Sparks from the SuperCam flight laser Sparks are being created 4.85 meters from the SuperCam flight laser at room temperature, which means at low energy. Developed jointly by Los Alamos with the French space agency for NASA's Mars 2020 rover mission, SuperCam combines remote chemistry capabilities and imaging with two mineralogy techniques. With these enhancements over its predecessor ChemCam (now operating on Mars Curiosity rover), SuperCam will be even more capable to study the mineralogy and to detect compounds related to the possibility of life on Mars. SuperCam is also equipped with a microphone to capture the first audio recordings from the red planet. NASA has called SuperCam a “Swiss army knife of instruments” because of its versatility. The laser is manufactured by Thales. IRAP / CNES
Amazingly, the sound a rock makes when Perserverance’s laser strikes it can help scientists infer its mass and relative hardness. The latter is helpful for figuring out whether the rock formed in a lake or from wind erosion.
There is weather on Mars, including winds, sandstorms, and dust devils, which are little tornadoes caused by local weather patterns. The SuperCam microphone may be able to hear these phenomena, as well as Perseverance itself using its arm and drill. By recording how the rover sounds over time, the mission team may be able to diagnose the health of the rover’s science instruments and internal mechanisms.
The most exciting sounds may be ones that we don't even know about yet. Experience has demonstrated that whenever a new instrument is developed and flown in space, we learn something new about extraterrestrial environments, and therein lies the true spirit of the Mars microphone concept.
What would a human sound like on Mars?
Suppose you found yourself on Mars without a spacesuit.

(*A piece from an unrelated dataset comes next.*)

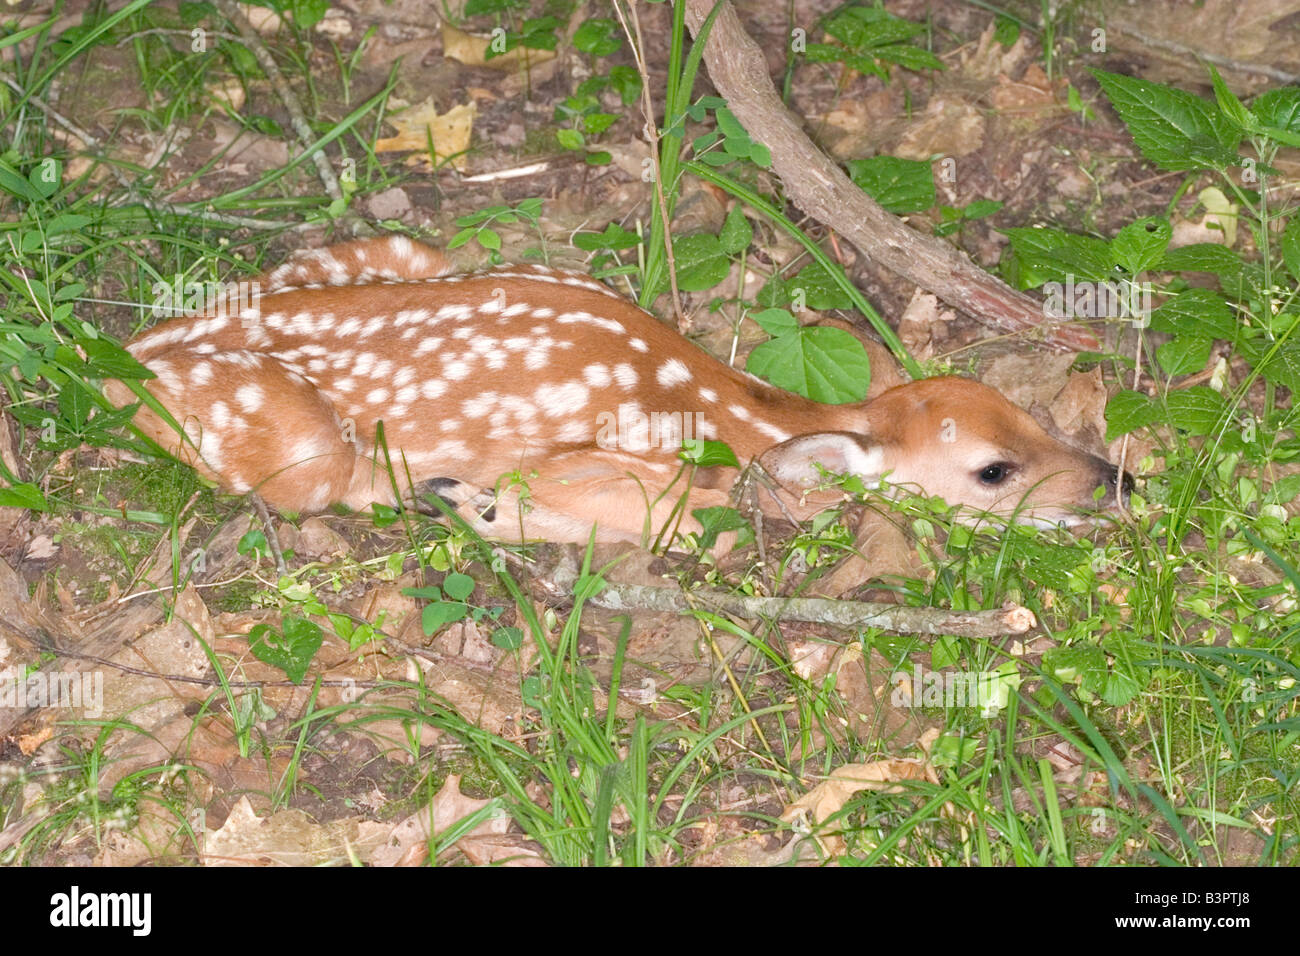 White-tailed deer fawn Banque D'Images

What would you say? Probably "Help!" because the air is more than 100 times thinner than Earth's, and contains very little oxygen.
Your understandably poignant plea wouldn't go far in the Martian air, which will mute even the loudest screams to near whispers. Stranger still, your voice would be lower-pitched than on Earth because of the lower sound speed. But suppose, suspending disbelief for a short while, that you really could speak on Mars. How would you sound?
Back when we were first pioneering the concept of a Mars microphone, we recorded some sample audio to show how human voices would sound on Mars:
Other extraterrestrial sounds
Scientists occasionally convert non-acoustic data from spacecraft instruments into frequencies human ears can hear. A recent example is an audio recording made from vibrations picked up by the seismometer aboard NASA’s InSight lander, which is currently operating on Mars.
The European Space Agency’s Huygens probe had a microphone running when it landed on Saturn’s moon Titan in 2004. University of California Berkeley scientist Greg Delory, who worked with The Planetary Society on the Mars microphone project, helped ESA quickly process the audio data after Hugyens’ landing so members of the public could hear what it would sound like to plunge through Titan’s haze.